Since ‘csv’ is a string, we can use the Split method to chunk the string up into individual lines using the ‘\n’ character as our split token. Once split into individual lines, the pipeline operator on line 3 further processes each line. Sequences in F# can be thought of as IEnumerables from C# and come with some nice baked-in methods to help with processing. Our QB stats CSV file has as its first line a key to the data. We’ll need to skip that first line before we get to process the real data, and to do so we’ll use one of those nice baked-in methods (Seq.skip) to do so.

Line 4 further deconstructs the csv file into the individual comma delimited values tokenizing each line. After the lines have been tokenized the individual values can be read. Here I’ve created a tuple to hold each lines values. The tokenized values have been collected in a tuple that holds 8 values. The mapping of the values is specified by the comments.

Here is the output of the F# interaction window after step 2:

val stats : seq

After step two we have a sequence of tuples that have only the stats and information that we care about. The next step now becomes calculating the QB score. The calculation of the score requires three sub-steps, so let us revise the outline we laid out earlier to include them.

  1. Read in the CSV file
  2. Grab the relevant stats for our calculation
  3. Calculate the QB score per play for each QB
    1. _Create the formula function _
    2. _Compute the components of the formula _
    3. Create the desired output
  4. Return the QB name and the score

Let’s tackle the first sub-step and codify the formula now and see what we’ll need to provide from the data we just acquired.

let qbcalc (plays,yards,turnovers) = yards - 3 * plays - 30 * turnovers

This line of code creates a function called qbcalc that takes in a tuple composed of the plays, yards, and turnovers components of the formula.

If we run the qbcalc function through the interactive window we get:

val qbcalc : int * int * int -> int

The end result of this is the raw QB score. The arithmetic operations in F# are similar to most languages, so the formula is a straight forward expression without any surprises. Since we know plays, yards and turnovers are all integer values, we could further constrain the types of values that the tuple is composed of, but F#’s type inference already does this for us, so it is not needed. When the compiler analyzed this code, it was able to ascertain from the operations and the integers used that the plays, yards and turnover values were of type int and automatically created the int constraints.

The next step is to compute the individual values of plays, yards, and turnovers. Before we start, I just want to note that I am sure there is a slicker, more concise way to do this, but this is my first go at this, so pardon the mess.

let names = stats |> Seq.map(fun(name,_,_,_,_,_,_,_) -> name)

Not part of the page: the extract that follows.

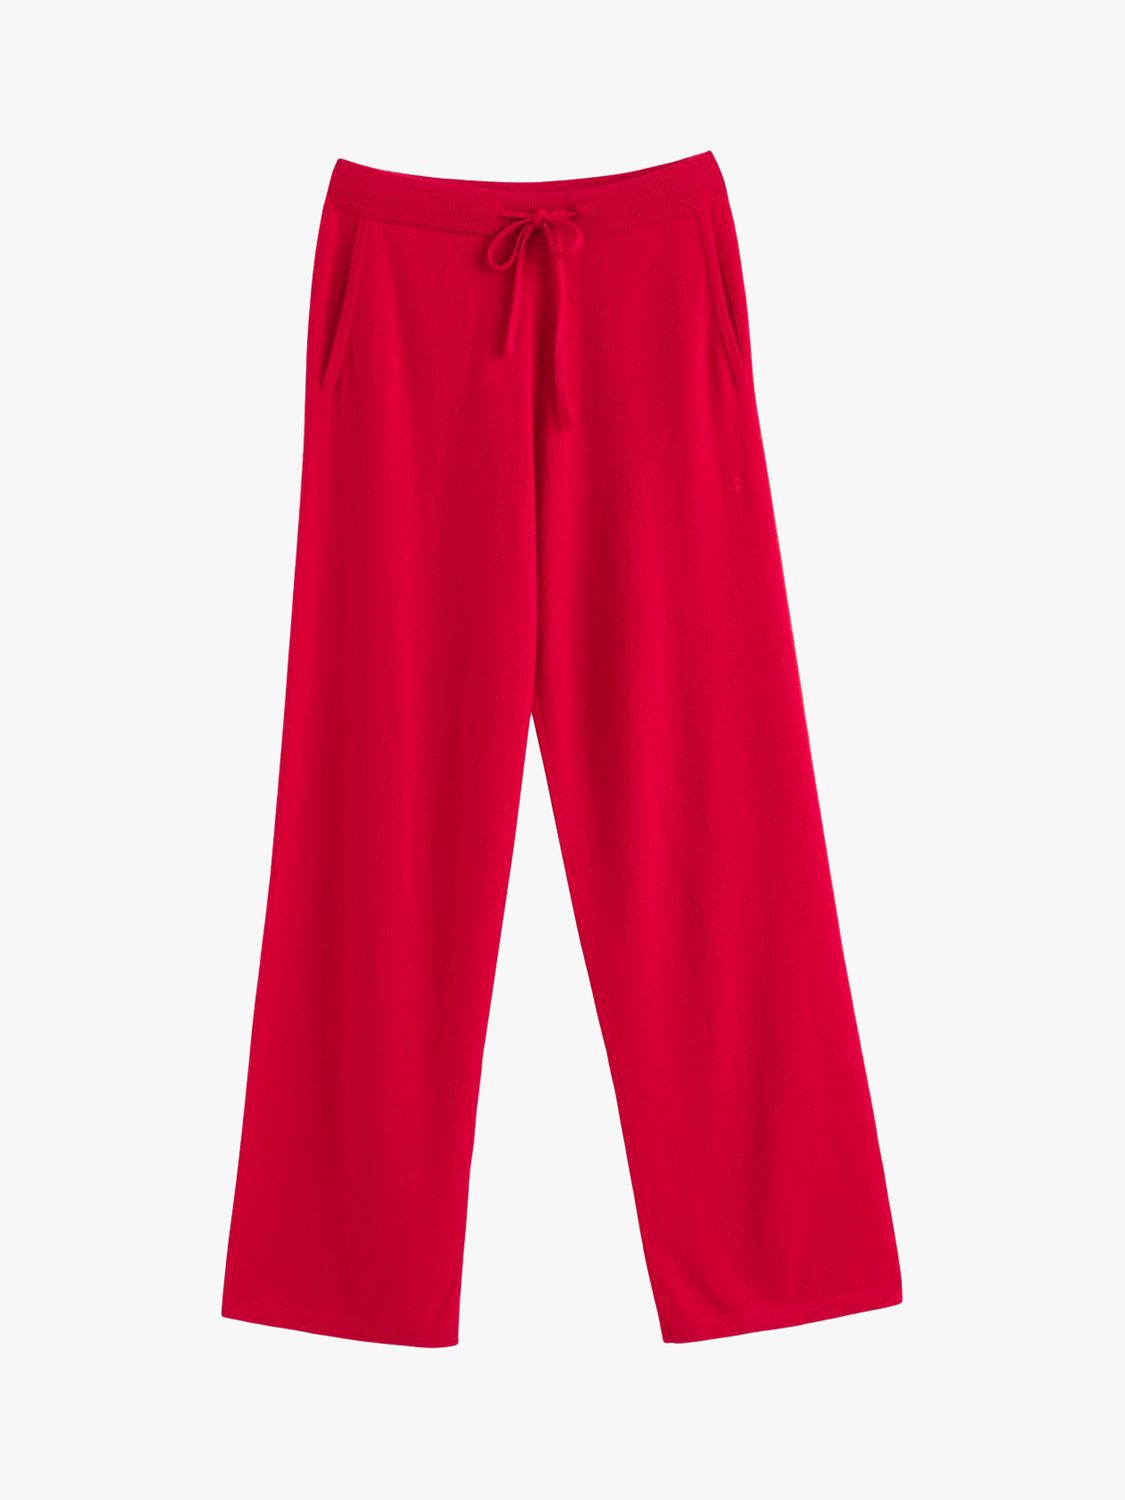 Chinti & Parker Cashmere Wide Leg Trousers, Red, XXL

Here we start to perform operations on the stats sequence we captured from the CSV file. The basic structure of what I am doing here is grabbing the specific values of the components I am looking to either aggregate (names) or calculate (plays, yards, and turnovers) from the sequence and mapping them to a new sequence. Here is an example of how to create the plays sequence.

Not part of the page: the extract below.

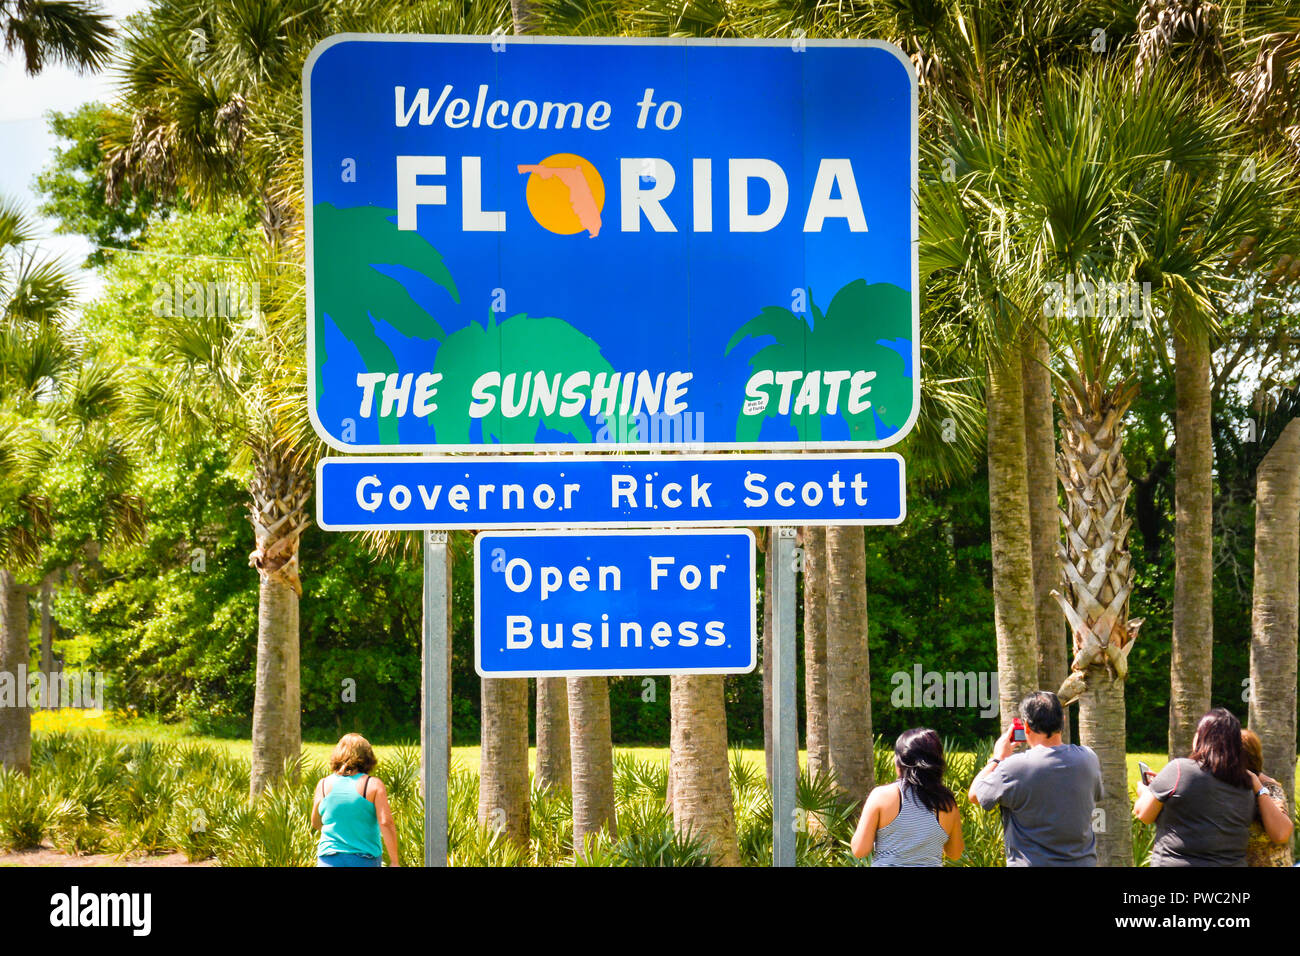 Tourists pull over to take photo with bright blue 'Welcome to Florida' the sunshine state sign at state borderline with Palm trees in Florida Line Stock Photo

let plays = stats |> Seq.map(fun(_,att,_,_,rush,_,sacks,_) -> att+rush+sacks)
Here the stats sequence is pushed through the pipeline operator ( > ) which allows you to chain functions in a sequence. This is happens because, as pointed out in Expert F#, the pipeline operator is just function application in reverse. This can be expressed like so:
let (|>) x f = f x

So in our case when we have the following:

stats |> Seq.map (fun(_,att,_,_,rush,_,sacks,_) -> att+rush+sacks)

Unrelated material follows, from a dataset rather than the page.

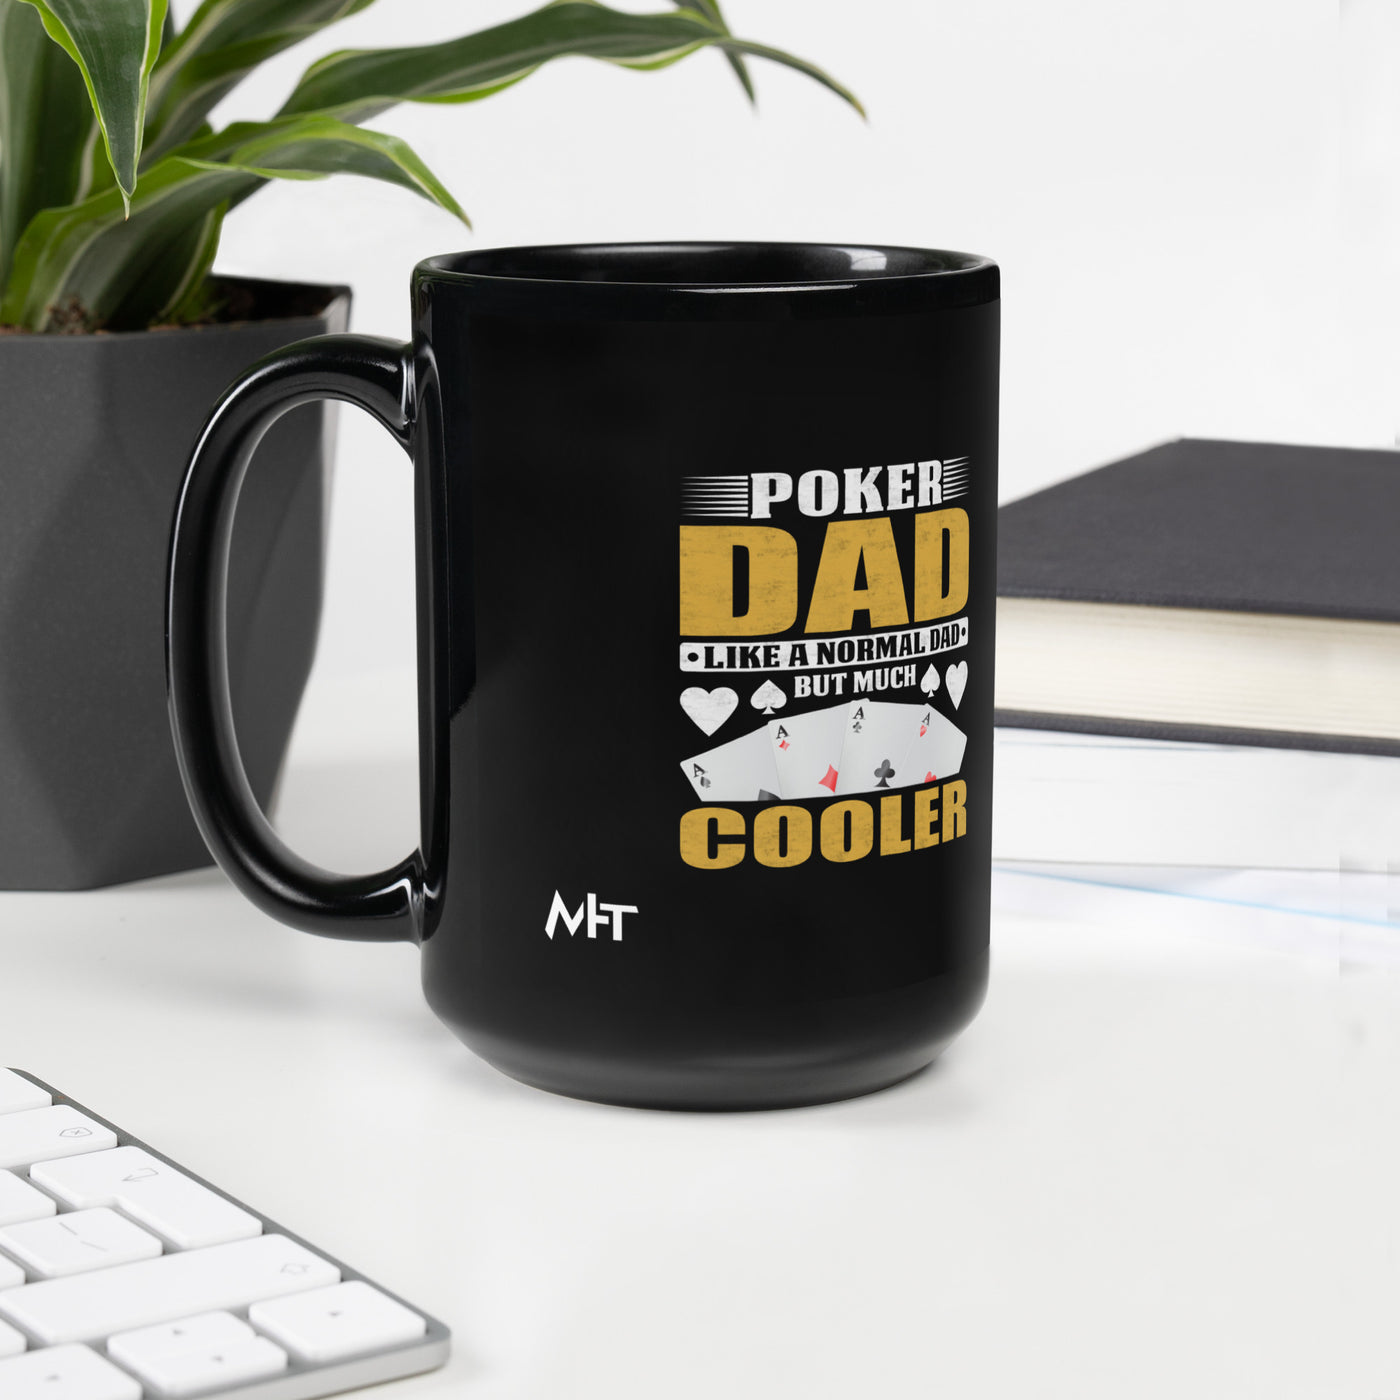 Poker Dad is like a Normal Dad but much Cooler - Black Glossy Mug

Chaining the stats sequence with the the Seq.map function will apply the function we’ve defined in the parenthesis to each element in the stats sequence and return a new sequence with the results of the function.  The function we have defined has a signature that matches the 8 value tuples that compose the stats sequence. Since only a few values are needed to be computed for the various values, “˜_’ can be assigned to the values in the parameter definition and more meaningful names can be given to the values we care about. On the right hand side of the -> (a symbol that represents a function), we do the simple adding of the values. Again the results of this function are collected in a new sequence that is returned from the Seq.map call.

After all the individual components of the QB score formula have been computed, we’re left with a bunch of individual sequence values that need to be reconstructed into something that we can pass to the the qbcalc function. The calculation function is defined as taking a tuple composed of a play, yard, and turnover values, so we need to utilize another method that Seq provides called zip.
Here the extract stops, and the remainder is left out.